Guessing who was going where in the 2005 NFL draft was a real crap shoot for everyone, what with no clear-cut top star. You knew San Francisco would use the No. 1 pick for a quarterback and some brave team would take a risk on the troubled Ohio State star Maurice Clarett.
That being said, 4th & Goal Films, the makers of the 2005 Draft Preview DVD, should stick to scouting, and leave the draft-day guess-work to the NFL beat writers. They got zero team selection predictions correct in this DVD.
Sure, this was a tough year, but they didn't even luck out and get one pick right. They call Texas linebacker Derrick Johnson the best pick in the draft and say he'll go with the three pick to Cleveland (pick 15 by Kansas City); USC wideout Mike Williams is tabbed for pick 12 (pick 10); and they say Cal QB Aaron Rodgers was going to SF with the No. 1 (pick 24, Green Bay). Predicting the draft is guess-work, true, but the guys at 4th and Goal may be kicking themselves now … the only thing they came close on was Kansas State running back Darren Sproles going somewhere in the fourth round.
This DVD of course would have been more fun to watch before the 2005 draft. Other than the predictions, the 4th and Goal guys put together a pretty good preview DVD. Broken into three parts, this DVD profiles more than 50 players for the draft, broken into "Top 32 Prospects," "Promising, But …" and "Hidden Gems." The production is simple: a narrator scouts each college player to a collage of their highlight clips. That's it. One player to the next to the next, with no breaks, no back-and-forth between analysts, no interludes, other than a quick note that the next group is a different category. You can either choose to play the entire set of clips, or choose between the different categories.
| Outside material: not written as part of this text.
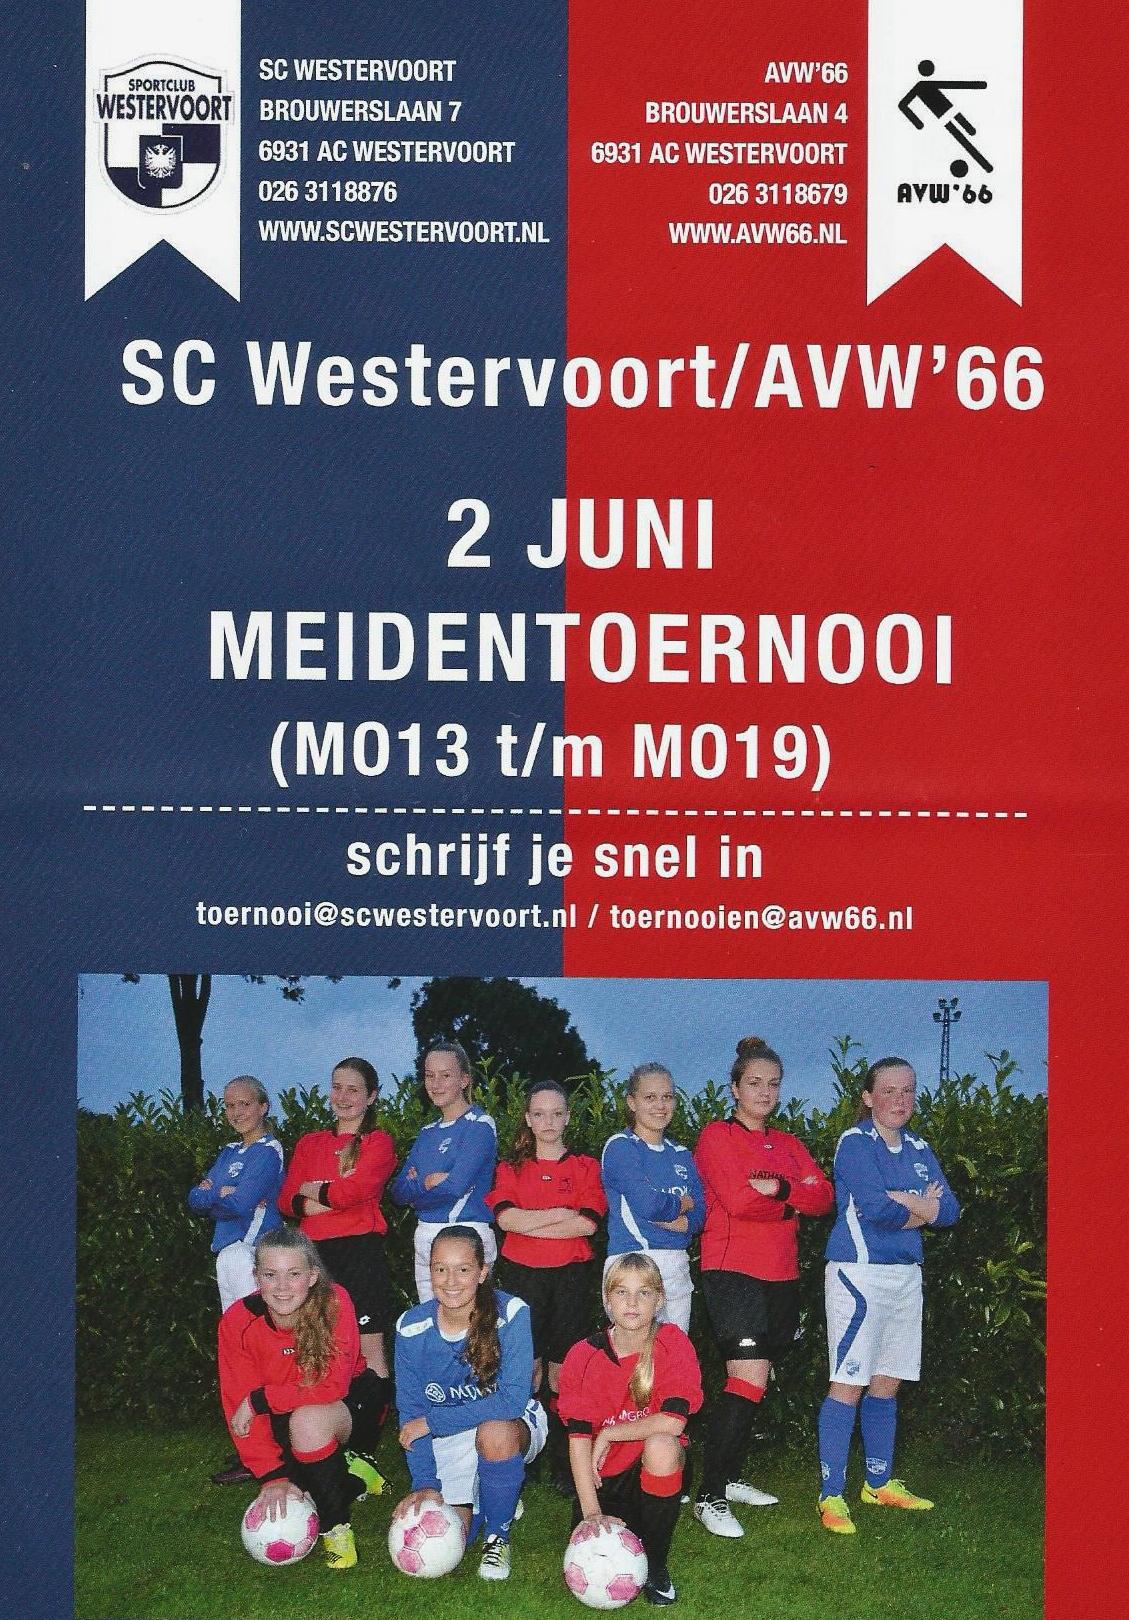 Meiden voetbaltoernooi in Westervoort
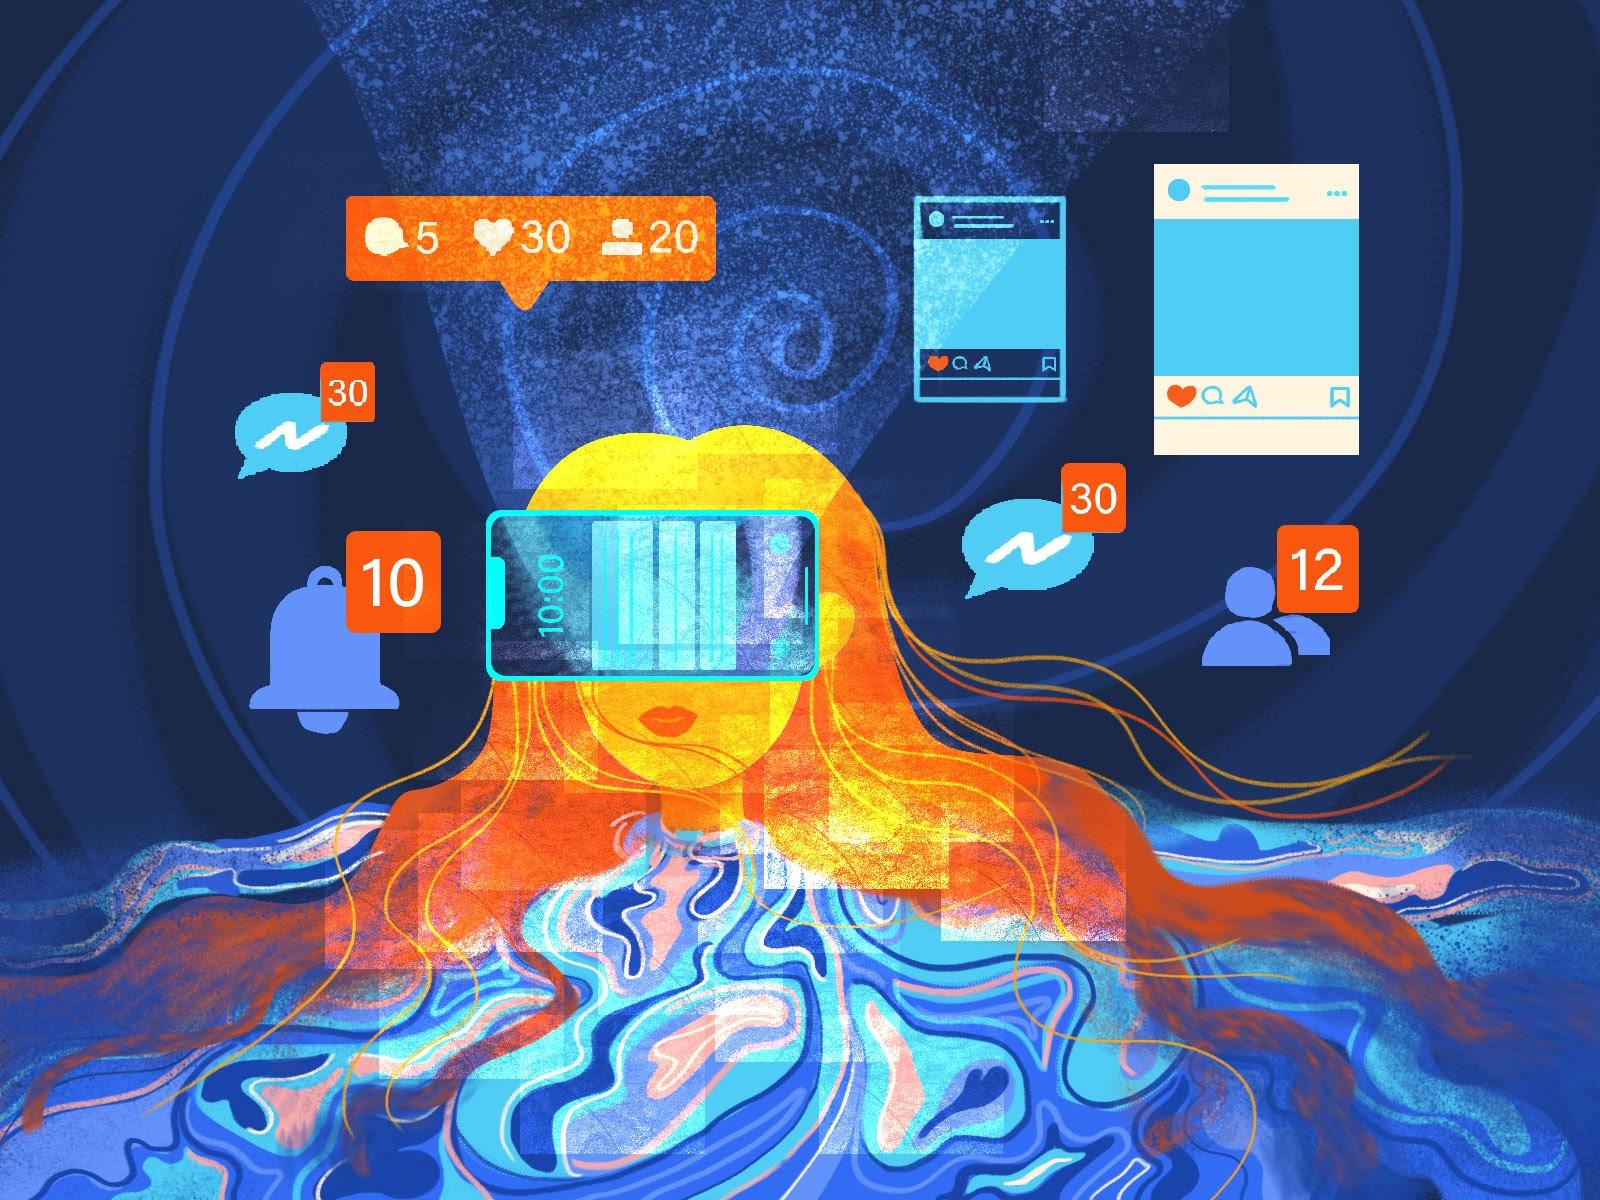 lost, social media, addiction, phone distractions

The predictions may have been off base, but the scouting isn't. For any of the Big Ten or big team players I knew, the 4th and Goal crew was thorough and accurate about their skills and weaknesses. They know what type of value Williams has, they did a good job looking at Maryland defensive end Shawne Merriman (go Chargers), and they properly point out that Utah QB Alex Smith didn't run anything similar to a pro offense in college (but he won't be doing that in San Francisco for a few years either … Smith is gonna get smashed around come fall). The only complaint I had was that Clarett wasn't featured, and easily fit in the "Promising, But …" category. Chances are this was made around the time of his disastrous NFL combine showing, because Denver took him in the third round, and he was easily the most interesting story of the draft, what with losing his court challenge against the NFL draft age policy.
The DVD is well-edited, with limited replays (only when it needs the emphasis) and nice timing with narration and actual plays. The producers use arrows to point out a player in a scrum and zoom in on some plays. Without doing too much, the producers managed to offer video evidence of their scouting. The last bit on this DVD is a look at this past year's Senior Bowl.
This DVD is a good scouting presentation for the 2005 draft and the latest crop of NFL players, but now that the draft is over, it's worth only one look, unless you're a player featured on the DVD, an NFL opponent scout, or a really obsessed football fan. It may have been worth $30 before the draft. Now it's a $5 bargain-bin offering.
The fullscreen transfer looks fine, though the original video footage is a mixed bag. There's not much the DVD producers could do to eliminate poor crops or shadows. I noticed no digital problems, however.
Other than some background music (and it's no NFL Films track) and the narrator Steve Alic, there is no audio on this DVD. The sound from the actual games is not included. Alic does a decent job narrating, sounding matter-of-fact without being too opinionated.
There are no special features on this DVD.
For NFL draft and NCAA football hardcore fans only. The draft is ancient history now, and there's simply no replay value to this DVD. Rent it if you want to see some of the future stars of the NFL or buy it if you must own every NCAAF-related DVD out there.